## Provided material
━━━━━━━━━━━━━━━━━━━━━━━━━━━━━━

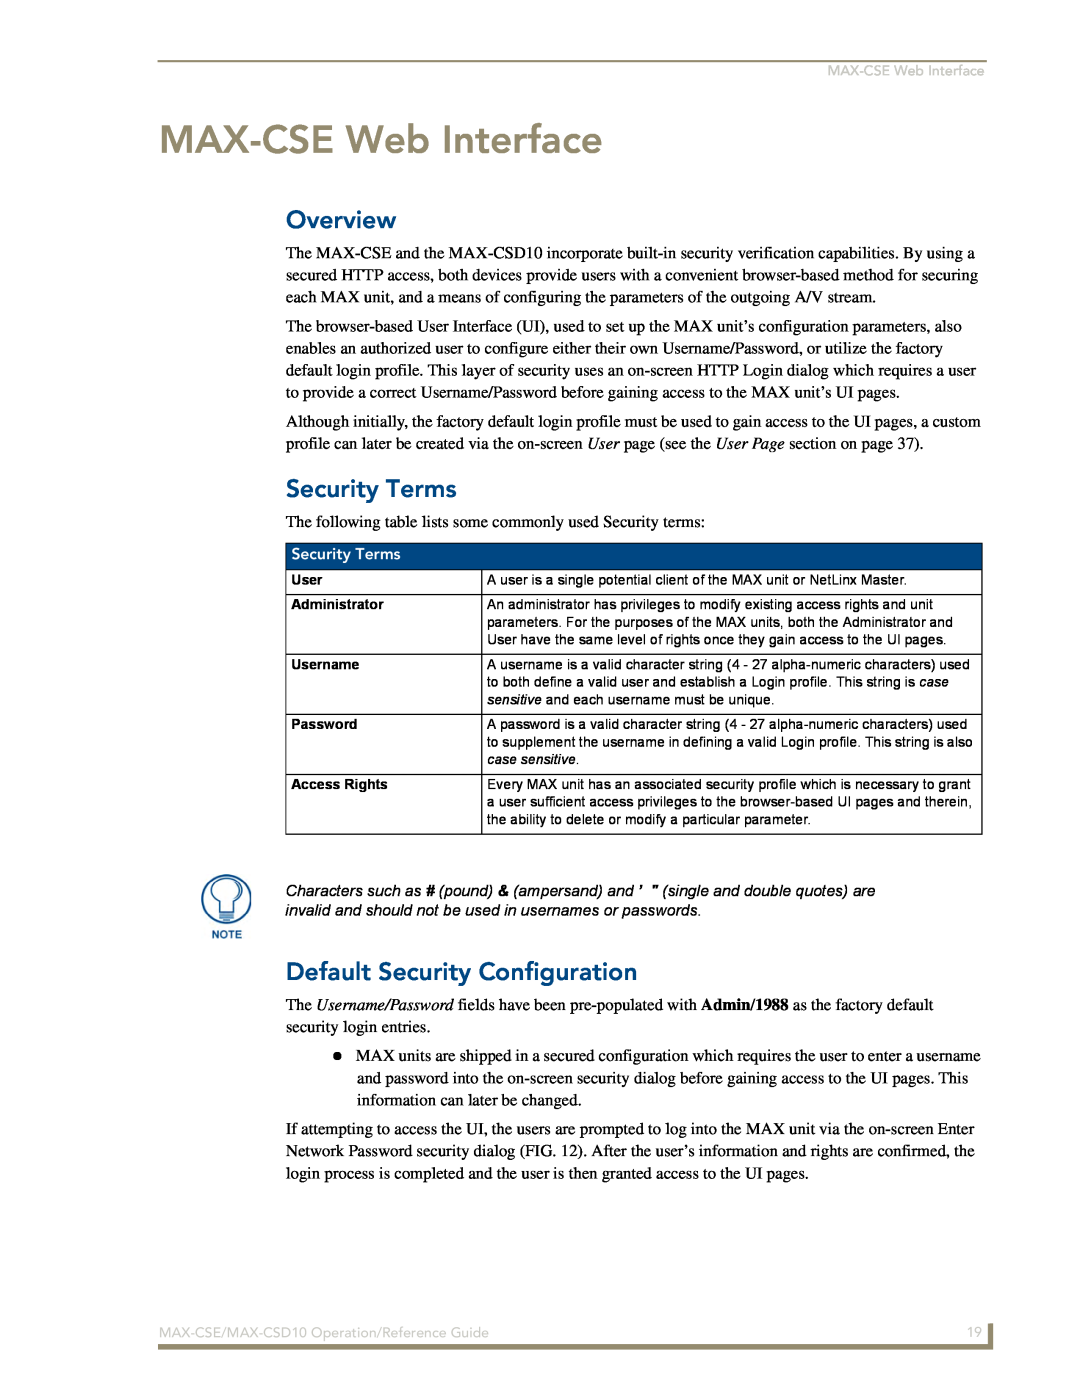 AMX MAX-CSD 10 manual MAX-CSEWeb Interface, Security Terms, Default Security Configuration, Overview 
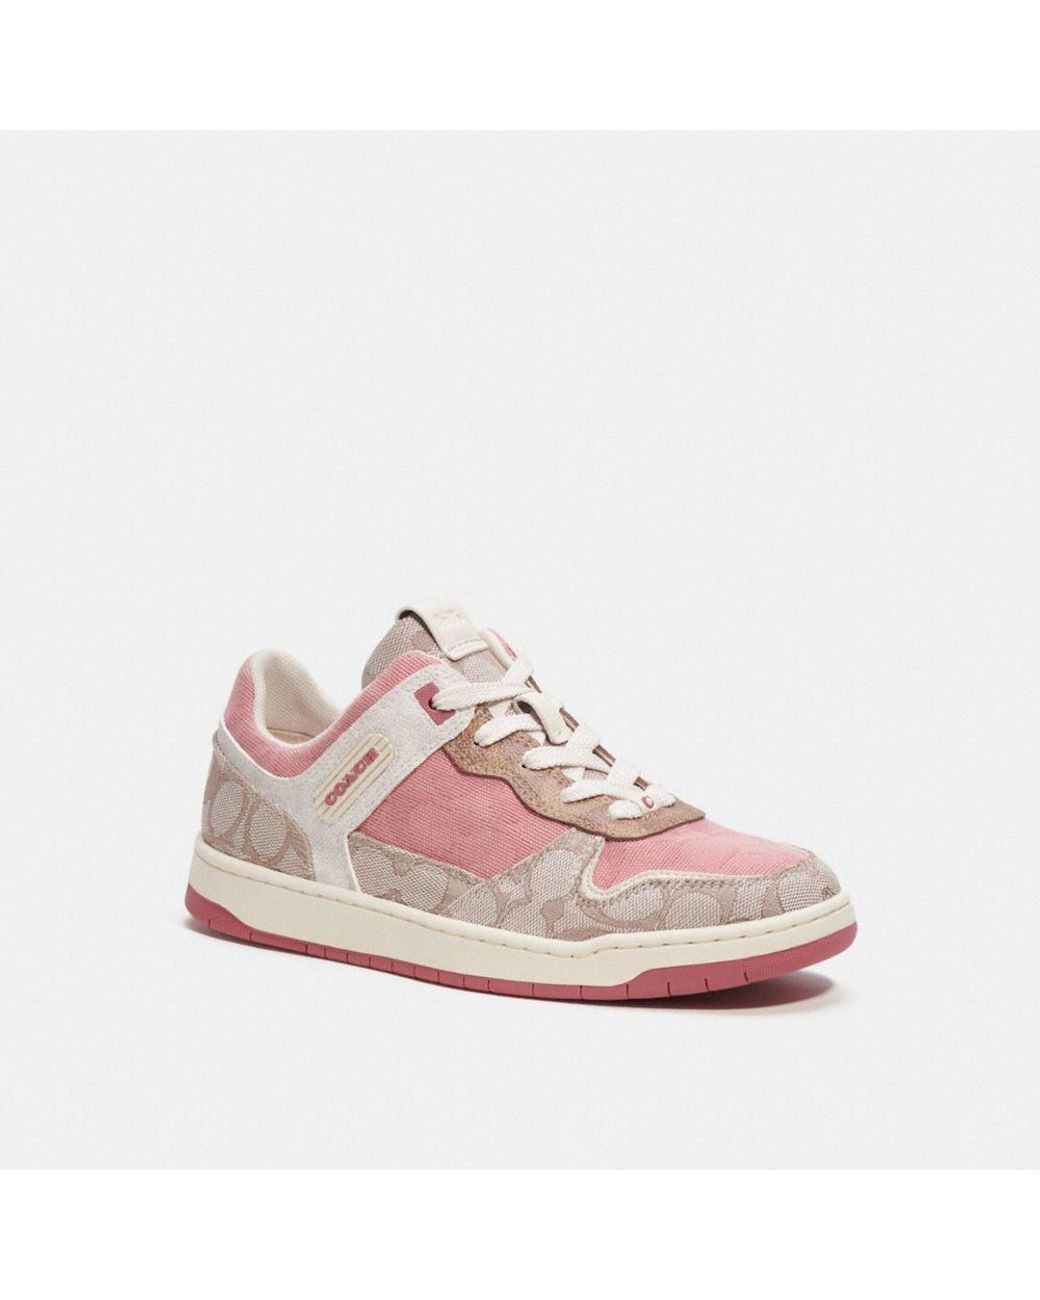 COACH C201 Low Top Sneaker In Signature in Pink | Lyst
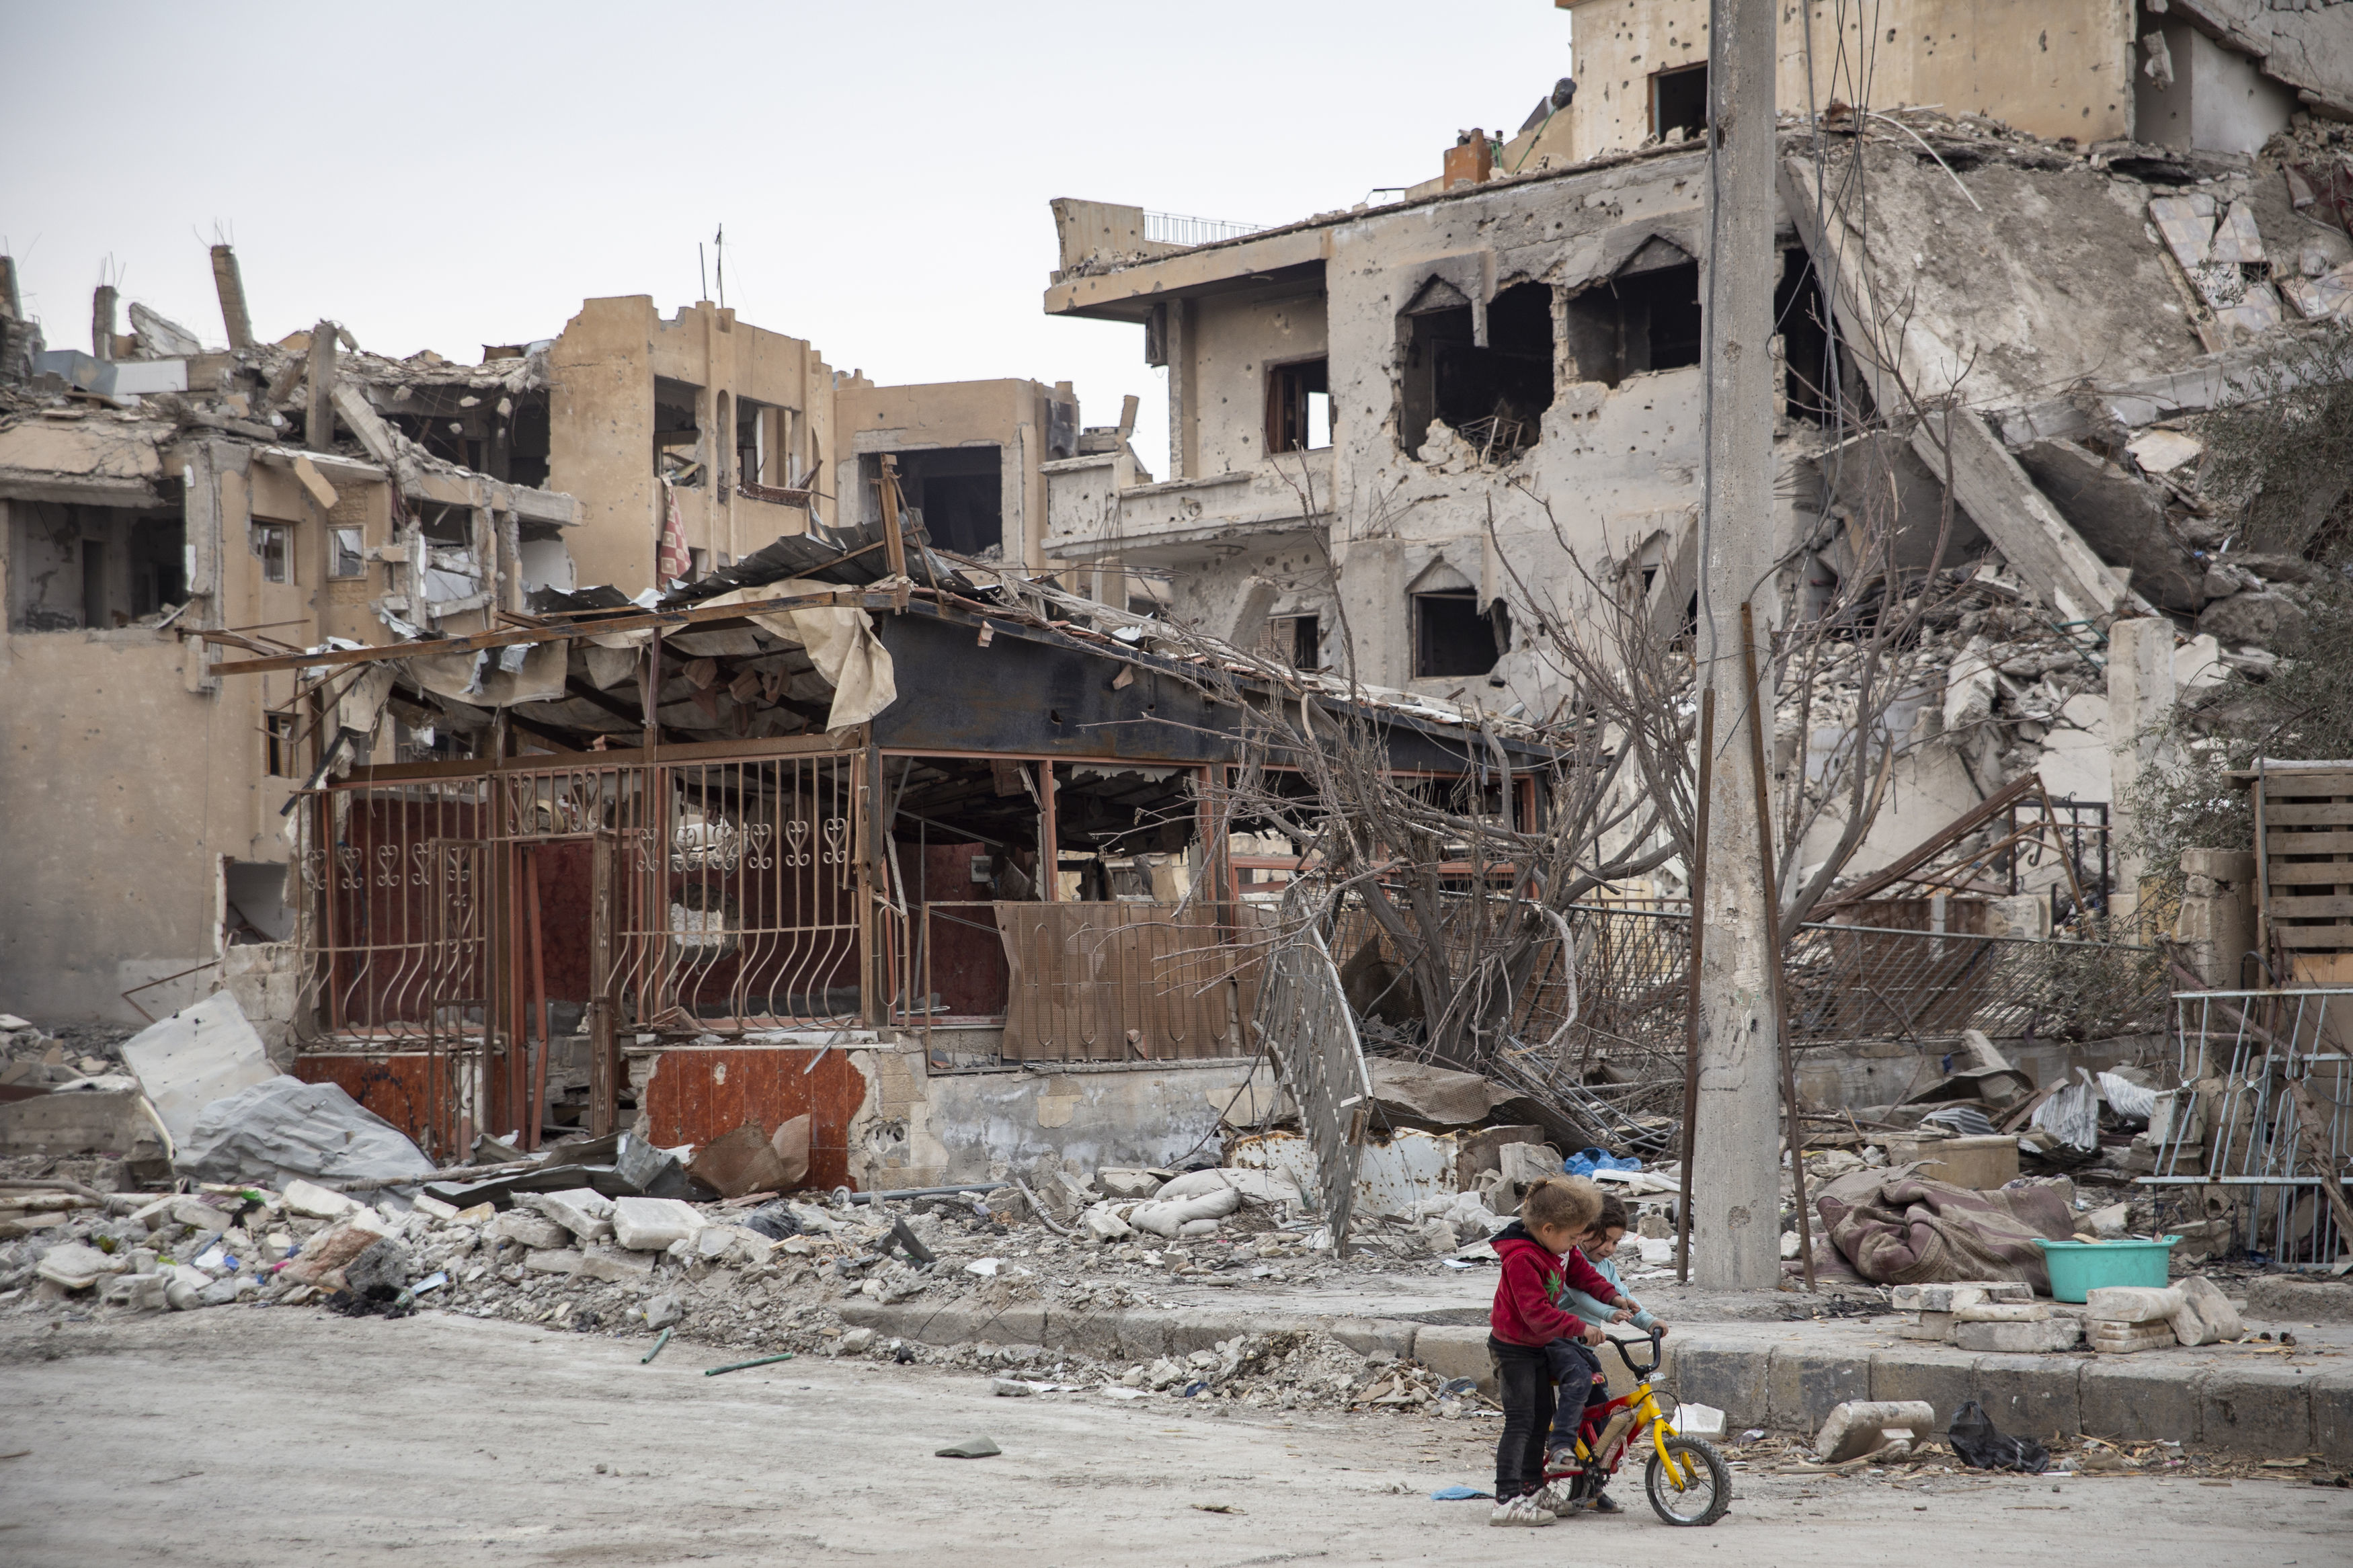 Children riding a bicycle next to destroyed buildings in Raqqa

━━━━━━━━━━━━━━━━━━━━━━━━━━━━━━

## Task to carry out
Leaving the pictures out, write out all the material above exactly.

## Problem solution
 AMX MAX-CSD 10 manual MAX-CSEWeb Interface, Security Terms, Default Security Configuration, Overview 
 COACH C201 Low Top Sneaker In Signature in Pink | Lyst
 Children riding a bicycle next to destroyed buildings in Raqqa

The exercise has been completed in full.